The processes described in the above sections (i.e. making changes to local working files, recording "snapshots" of them to create a versioned history of changes in a local Git repository, and sending those versions from our local Git repository to a remote repository on GitHub is illustrated using islands, buildings, bunnies, and packages in the artwork, below:

[A basic git workflow represented as two islands, one with "local repo" and "working directory", and another with "remote repo." Bunnies move file boxes from the working directory to the staging area, then with Commit move them to the local repo. Bunnies in rowboats move changes from the local repo to the remote repo (labeled "PUSH") and from the remote repo to the working directory (labeled "PULL").]{.aside}

[![Artwork by Allison Horst](images/git-workflow-allison-horst.png)](https://twitter.com/allison_horst.png)


Let's put this workflow on practice!

## Exercise 1: Create a remote repository on GitHub

::: callout-tip
## Setup

1.  Login to [GitHub](https://github.com/)
2.  Click the **New repository** button
3.  Name it `{FIRSTNAME}_test`
4.  Add a short description
5.  Check the box to add a `README.md` file
6.  Add a `.gitignore` file using the `R` template
7.  Set the `LICENSE` to Apache 2.0
:::

If you were successful, it should look something like this:

<br>


:::{.column-body-outset}
![](images/new-repo-github.png)
:::

<br>

You've now created your first repository! It has a couple of files that GitHub created for you: `README.md`, `LICENSE`, and `.gitignore`. 

::: {.callout-note}
## `README.md` files are used to share important information about your repository
You should always add a `README.md` to the root directory of your repository -- it is a markdown file that is rendered as HTML and displayed on the landing page of your repository. This is a common place to include any pertinent information about what your repository contains, how to use it, etc.
:::

<br>


:::{.column-body-outset}
![](images/github-test-repo.png)
<!--![](images/github-test-repo-sam.png)--->
:::


For simple changes to text files, such as the `README.md`, you can make edits directly in the GitHub web interface.

::: callout-note
## Challenge

Navigate to the `README.md` file in the file listing, and edit it by clicking on the **pencil icon** (top right of file). This is a regular Markdown file, so you can add markdown text. Add a new level-2 header called "Purpose" and add some bullet points describing the purpose of the repo. When done, add a commit message, and hit the **Commit changes** button.
:::

<br>

<!-- :::{.column-page} -->

![](images/github-test-edit.png)

<!-- ::: -->

<br>

Congratulations, you've now authored your first versioned commit! If you navigate back to the GitHub page for the repository, you'll see your commit listed there, as well as the rendered `README.md` file.

<br>

<!-- :::{.column-page} -->

![](images/github-test-displayed.png)

<!-- ::: -->

<br>

The GitHub repository landing page provides us with lots of useful information. To start, we see: 

- all of the files in the remote repository
- when each file was last edited
- the commit message that was included with each file's most recent commit (which is why it's important to write good, descriptive commit messages!)
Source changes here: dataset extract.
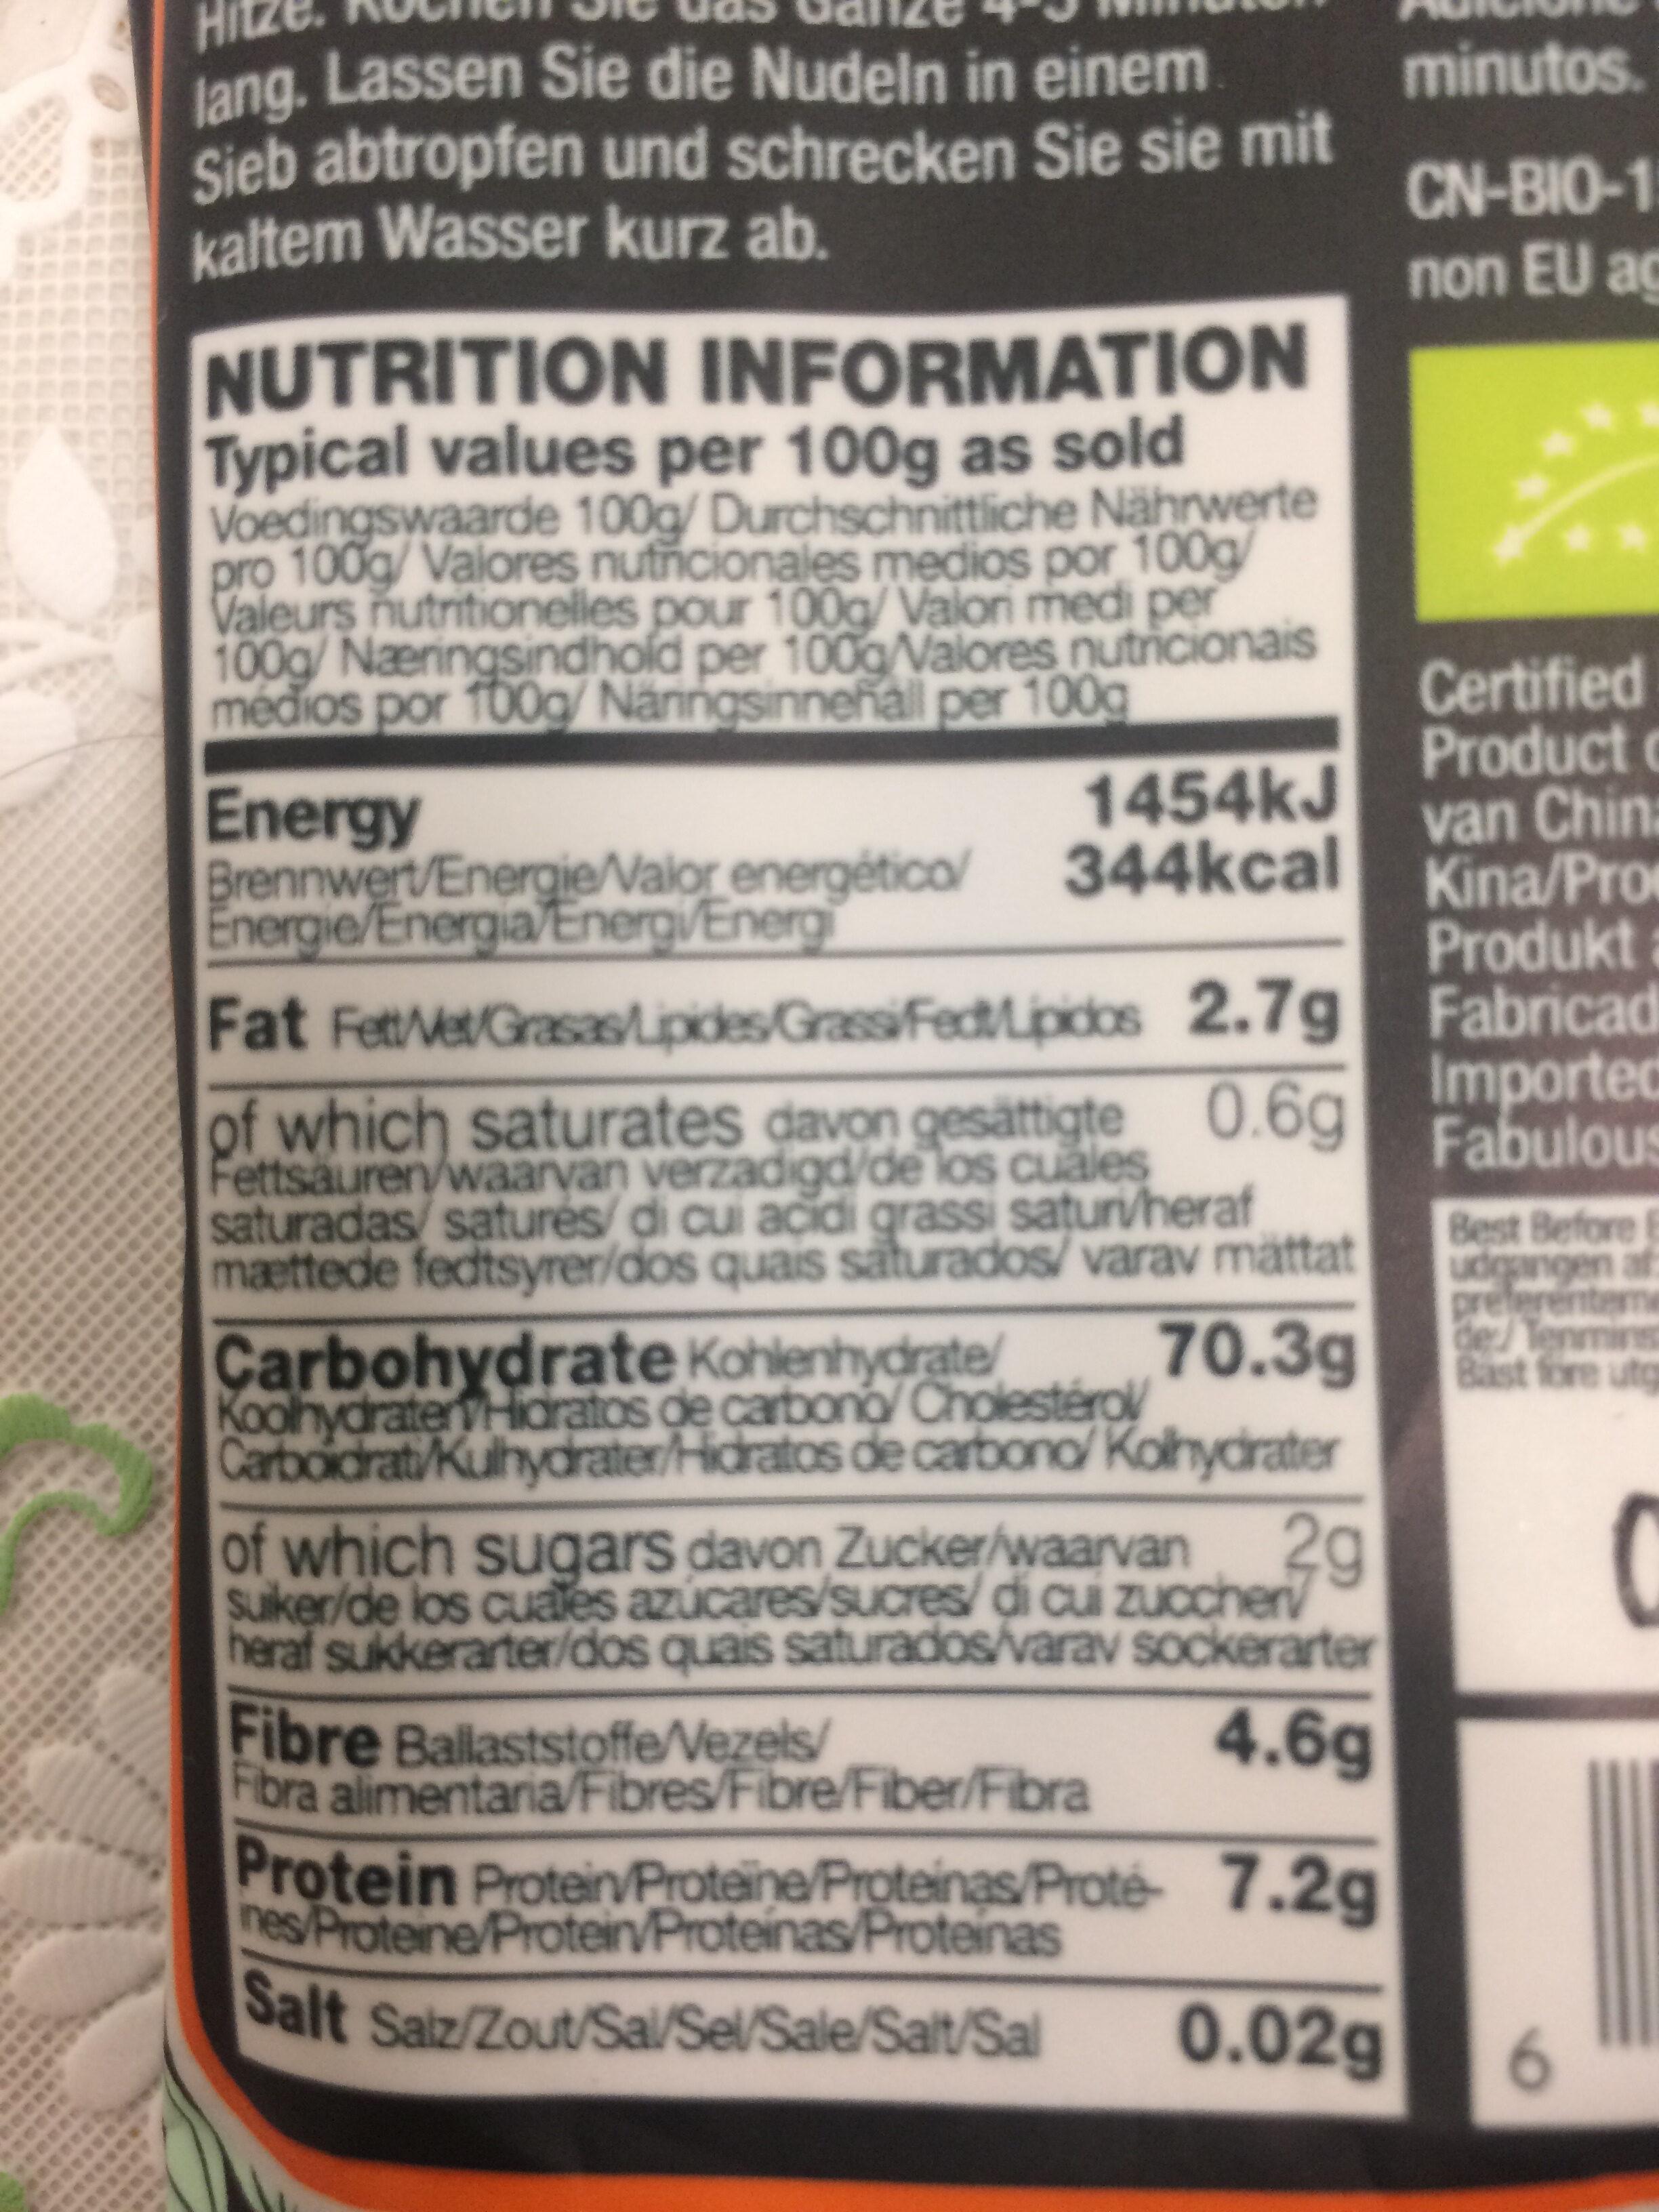 Pumpkin, Ginger & Rice Noodles - Informació nutricional - pt

Additionally, the header above the file listing shows the most recent commit, along with its commit message, and a unique ID (assigned by Git) called a [SHA](https://docs.github.com/en/pull-requests/committing-changes-to-your-project/creating-and-editing-commits/about-commits#about-commits). The SHA (aka hash) identifies the specific changes made, when they were made, and by who. If you click on the SHA, it will display the set of changes made in that particular commit.

::: {.callout-caution icon=false}
## What should I write in my commit message?
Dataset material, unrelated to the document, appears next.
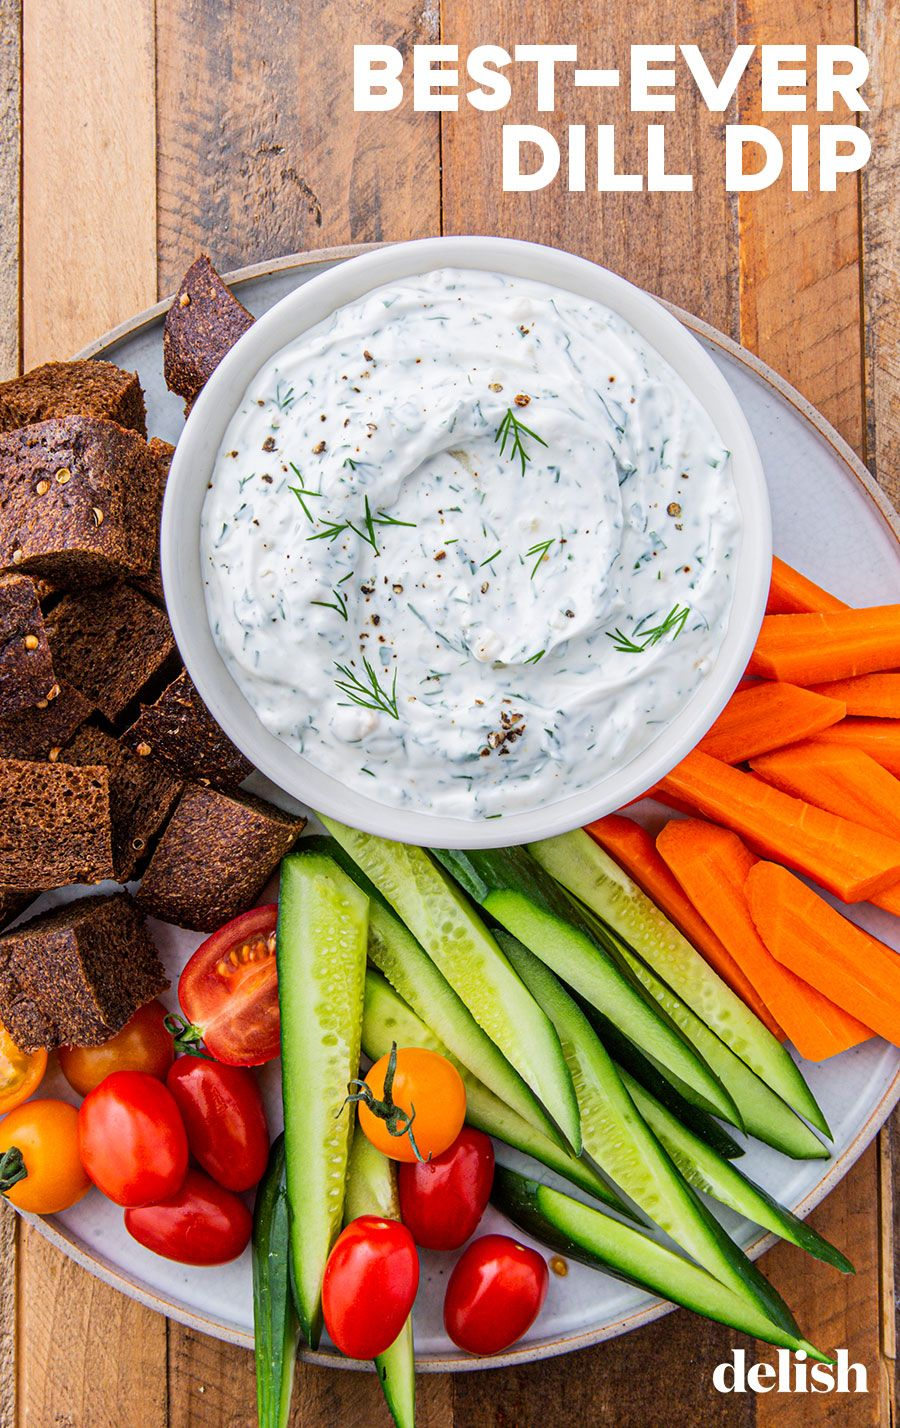 This Dill Dip Makes Us Actually Crave Veggies Recipe Healthy Veggie Dip Dill Recipes Dill Dip

Writing effective Git commit messages is essential for creating a meaningful and helpful version history in your repository. It is crucial to avoid skipping commit messages or resorting to generic phrases like "Updates." When it comes to following best practices, there are several guidelines to enhance the readability and maintainability of the codebase.

Here are some guidelines for writing effective Git commit messages:

1. **Be descriptive and concise**: Provide a clear and concise summary of the changes made in the commit. Aim to convey the purpose and impact of the commit in a few words.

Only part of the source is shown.